– Химичит по-крупному?
– Что вы, Таня, у нас честная игра.
– Честной игры у вас быть не может, – Таня втянула через трубочку ароматную крепкую жидкость. – Ты мне лапшу на уши не вешай.
Лева Клоп доверительно наклонился через стойку:
– Вчера заходили два босса, из этих, из азиатов, за час выложили лимонов по сто. Клянусь, Тань! И глазом не моргнули. Замечательные парни. Сегодня опять придут.
– Почему так думаешь?
– Я их коктейлем угостил на посошок. Один сказал: ничего, Левчик, завтра вашу шарашку разденем. А мне-то что, я с центра крайний. Верно, Тань?
– Если ваш гастролер мухлевал, я ему не завидую.
– Одинаково понимаем, мадам!
Профессор Лошаков растопырился над своим автоматом, как старый сокол над поверженным куренком.
У него в запасе осталось ровно три жетона.
– Как заговоренный, – в отчаянии пожаловался Тане. – Жрет и жрет, а назад не возвращает.
– Что ж, готовься, придурок. Сегодня тебе будет так больно, как никогда еще не было.
Француженка прекрасно знала, что в большинстве игорных заведений московские умельцы давно посрывали все пломбы и переделали автоматы на свой лад: теперь возможный выигрыш безрассудных залетных игроков практически равнялся нулю.
Азиаты прибыли через полчаса. Двое узкоглазых молодцов в очень дорогих модных костюмах, и с ними человек пять охраны. Сразу в зале с рулеткой стало тесно, вся публика перетянулась туда. Таня потащила за собой упирающегося Лошакова, все еще не оставляющего надежды отыграться с 'одноруким', которому он скормил уже тысяч пятьдесят из своих личных сбережений. 'Будешь ставить по моей указке', – шепнула Таня.
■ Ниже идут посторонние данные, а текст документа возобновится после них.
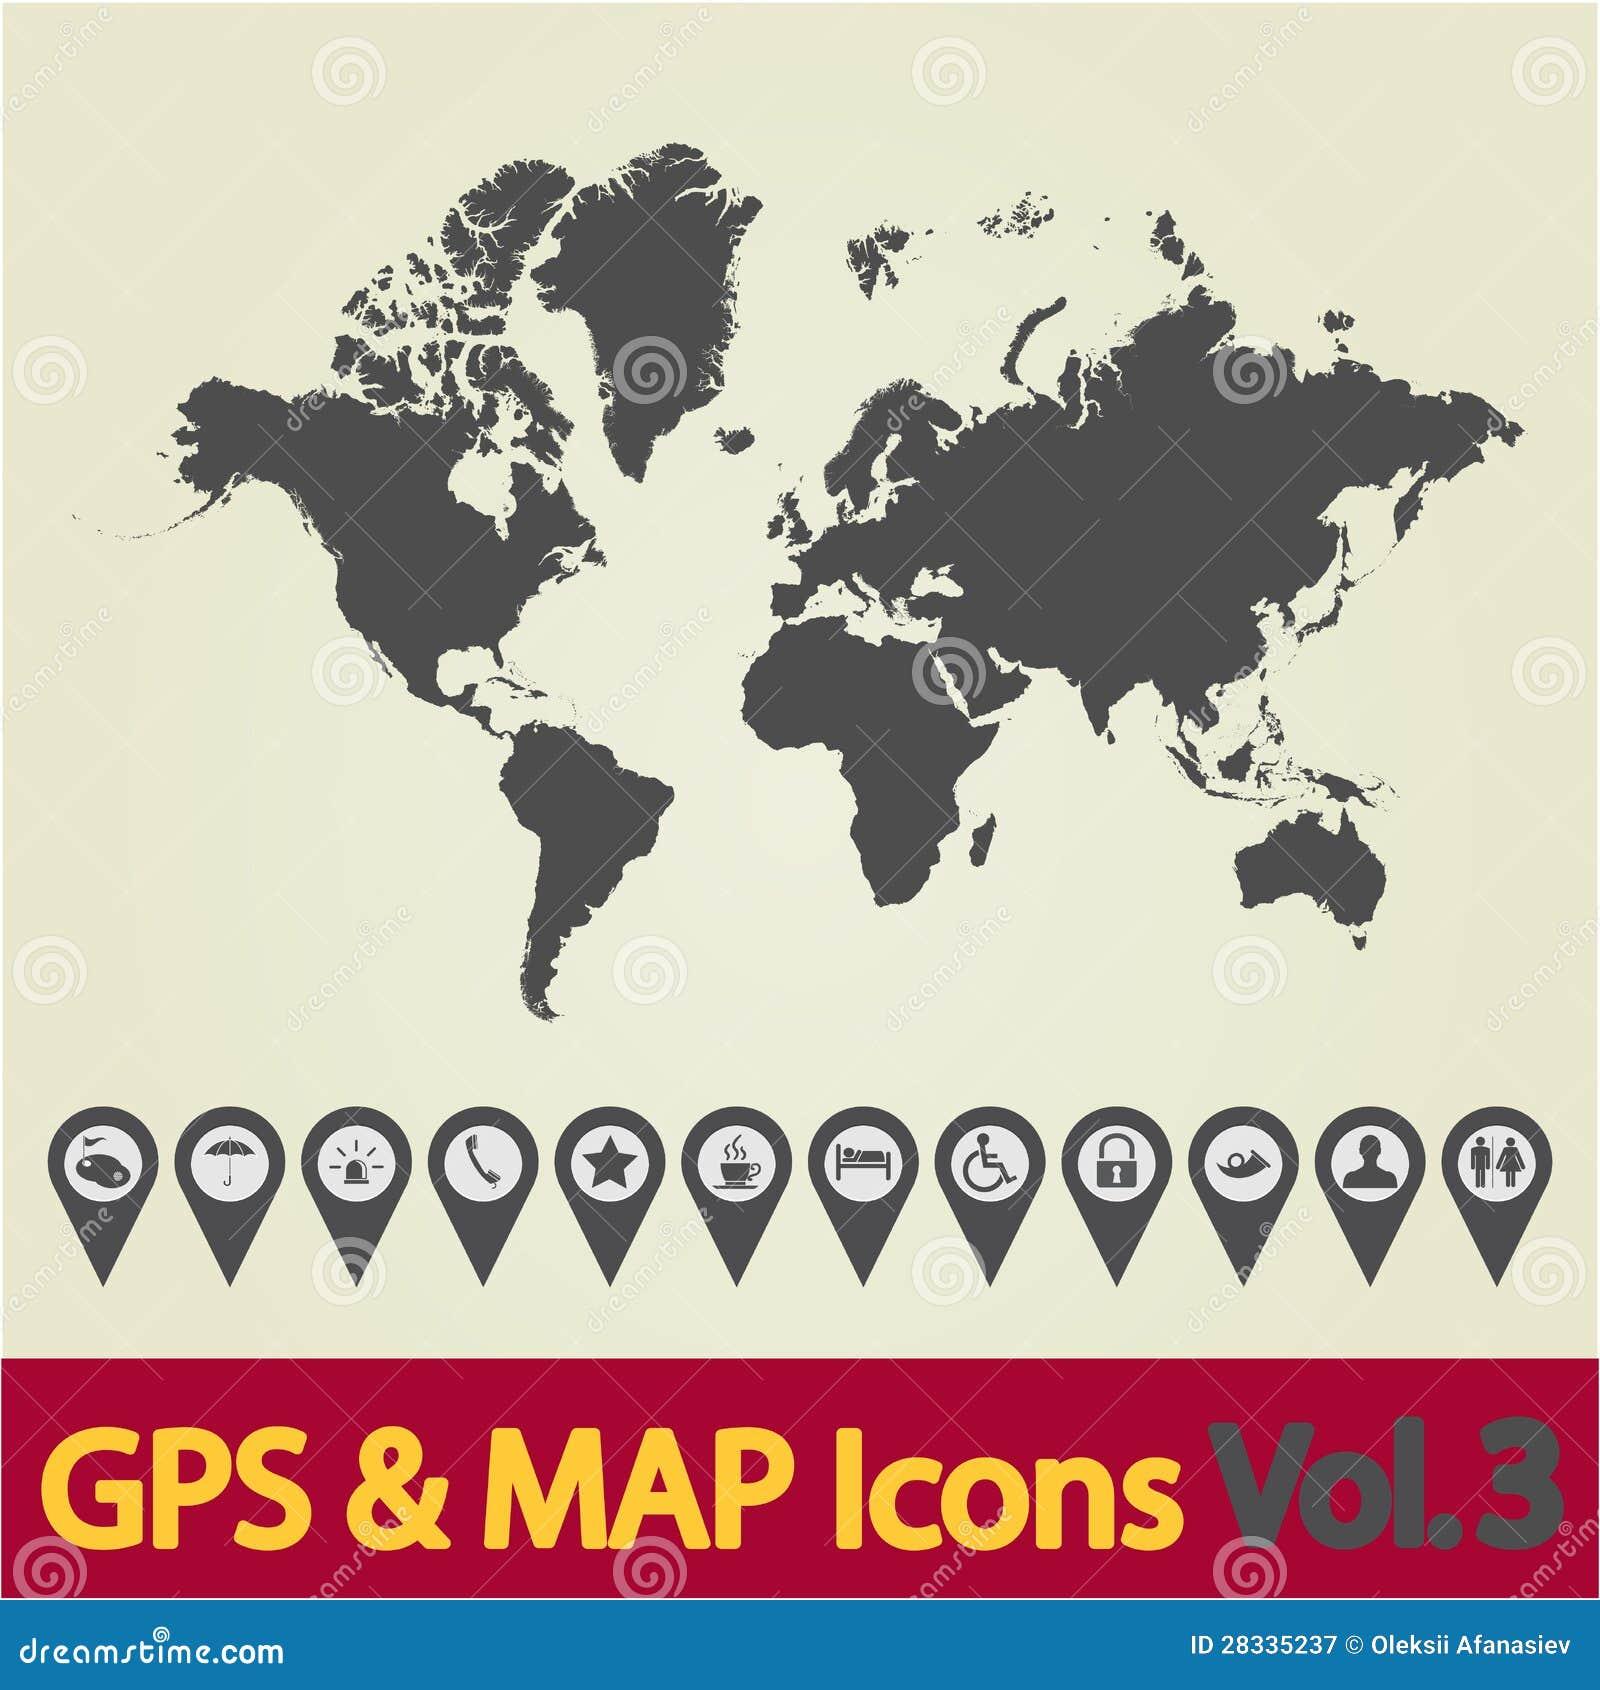 World map icon 3 stock vector illustration of illustration 28335237 world map icon 3 gumiabroncs Images

С появлением солидных клиентов смуглоликий крупье, до того как бы дремавший, ожил, заулыбался и сделал такое движение, будто смахивает соринки с волшебного колеса. Азиаты устроились напротив, и Таня прислонила своего кавалера рядом с ними.
– Давай, мало-мало поиграем, – лениво процедил ' один из батыров, – но без наколки.
– Максимальная ставка – сто тысяч, – вежливо отозвался крупье. – Такие правила.
– Эти правила дай своему дедушке, – пошутил азиат (казах или киргиз, черт его разберет), – мы отдыхать пришли к тебе, не яйца щупать.
Некоторое время игра шла ровно и в полном молчании, потому что тороватые гости предупредили: если кто-то зашумит, будет нехорошо. Они начали с малых ставок, укладывали фишки густо, вразброс, видно, по какой-то своей схеме, постепенно раз за разом прибавляли и сливали сотню за сотней. В промежутках между ставками они пили водку и оценивающе поглядывали на Таню. Лошаков ставил помалу то на чет, то на нечет и держался уверенно при своих. Зеваки обступили стол плотным кольцом.
– Много зря людей стоит, – сказал один азиат другому, – а вентиляции нету. Бедное заведение.
– Пускай стоят, – равнодушно ответил напарник, – потом прогоним.
К десяти часам игра обострилась. Крупье давно забыл про максимальную ставку и, вспотевший, но не утративший аристократического достоинства, все чаще мельком поглядывал на боковую дверь. Кульминация наступила неожиданно. Один из азиатов, выпив очередную рюмку и благодушно переглянувшись с Таней, извлек из бокового кармана пачку долларов в банковской упаковке.
– Чего мелочиться, правда? – обратился он за советом к другу, – У них не рулетка, а какой-то сортир. В одну сторону крутит. Давай разок по-человечески сыграем, как ты думаешь, Нартай?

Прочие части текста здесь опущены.